Performance Management Strategy  #4 – Define Rating Scales

Most performance reviews have rating scales attached. For example, you may ask managers to rate employees on a scale of 1 to 5 on different aspects of their work.

Rating scales provide an at-a-glance means of analysing an employee’s performance. But they mean very little if you don’t define the scale itself.

performance management strategies,great managersDefine what each level of the scale means. Don’t let managers assume that a 3 means average performance. Instead, define the 3 as something more usable.

For example, you could define a 3 out of 5 as the following:

“The employee meets our performance expectations. This means they achieve the expected results in relation to the employee’s role”.

This tells managers that a 3 means the employee is performing as the role requires them to. But it also shows that there’s room for improvement. The employee isn’t going above and beyond to contribute more to the organisation. As a result, the manager may recognise that they could do more to motivate that employee.

The type of scale you use doesn’t matter. A numbered scale works as well as a grading scale. What matters is what the scale actually means in relation to employee performance. Ensure your scale becomes a vital part of your performance management strategy.

Performance Management Strategy #5 – Emphasise a Focus on the Positives

There’s an old performance management technique known as the “feedback sandwich”.

It involves providing a piece of positive feedback, followed by negative. You then follow this with another positive comment.

On the surface, it seems like it should work. You’re offering more positive feedback than negative, which should improve morale. You’re also covering the things that the employee needs to do to improve.

But there’s a problem.

Performance Management Strategies

Employees tend to focus on the negatives during their reviews. Once you’ve offered negative feedback, the positive that follows gets lost. People are still too stuck on the negative.

But you need to focus on the negatives too, so what do you do?

The answer is still staying positive. It comes down to how your managers frame their negative feedback. If they only tell employees about something that’s not right, they won’t get a good reaction.

 

Instead, train your managers to focus on the positive steps the employee needs to take to improve. This takes the focus away from the negative issue. Better yet, it fixes the employee’s focus on the actions you need them to take.

Help your managers to spin negative feedback into positive reactions.

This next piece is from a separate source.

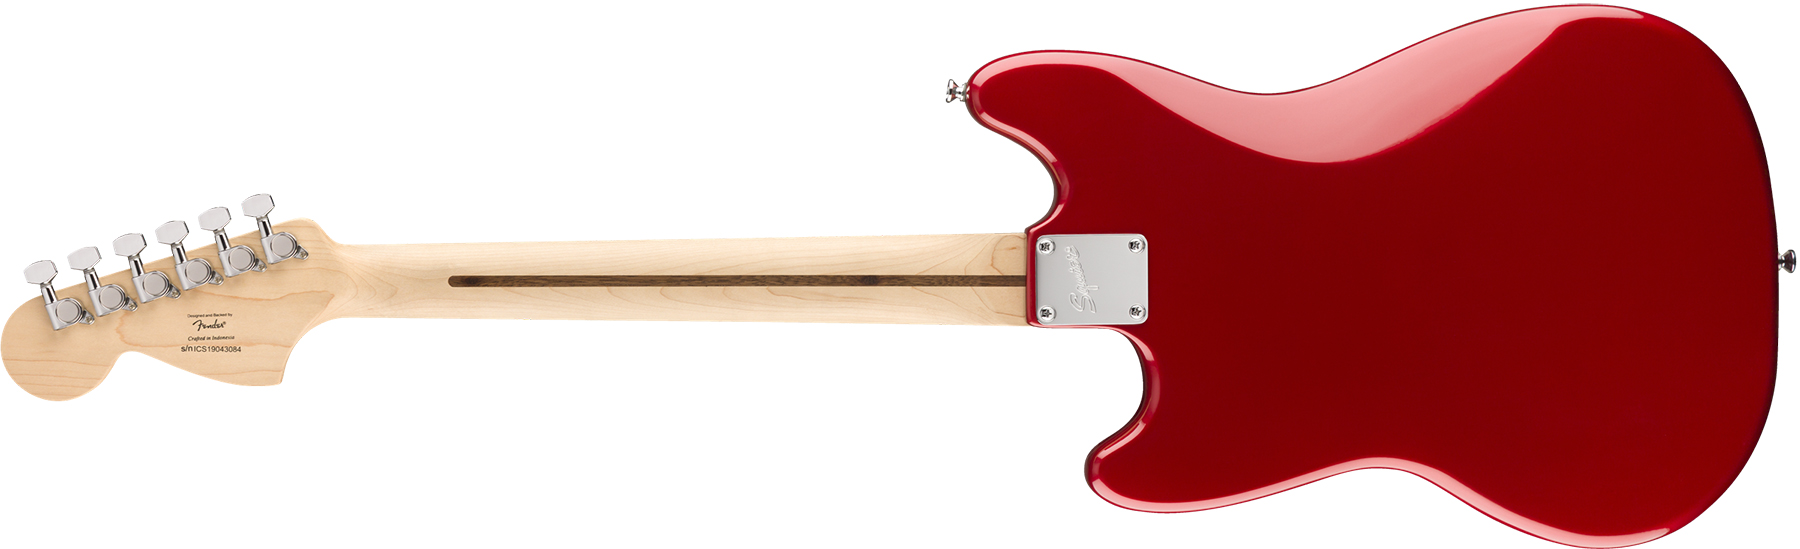 Squier Mustang Bullet Competition Hh Fsr Ht Lau - Candy Apple Red - Retro rock electric guitar - Variation 1

Performance Management Strategy #6 – Review Your Reviewers

You’re responsible for reviewing the performance of your managers. How you work with them influences how they review their team members. As a result, your performance reviews set an example for how the system should work.

Hold reviews in the manner that you want your managers to hold theirs. Stick to the strategies in this list to emphasise their importance.

It’s also worth doing some role-reversal. Have your managers lead review sessions with you as the employee. This allows you to figure out if they’ve actually adopted these strategies. It also allows you to point out issues that they need to work on.

As with any business process, constant review and analysis lead to better results. You may even pick up some new ideas from your managers during these sessions.

The Final Word

That’s our performance management strategies list for performance reviews. Follow it and you’ll come away with some key performance management strategies to implement.

Here’s what should form the backbone of your performance management strategy:

  • Reinforce the organisation’s vision to ensure managers do the same in their reviews
  • Highlight the importance of providing regular feedback to employees
  • Encourage two-way communication to avoid the lecture format
  • Add definitions to any rating systems that you use
  • Keep the focus on positive actions, even when dealing with employee negatives
  • Always review and analyse your performance reviews

Implementing the right performance management strategies for managers and supervisors leads to better results.

And remember, a great manager can DOUBLE the capacity of their people.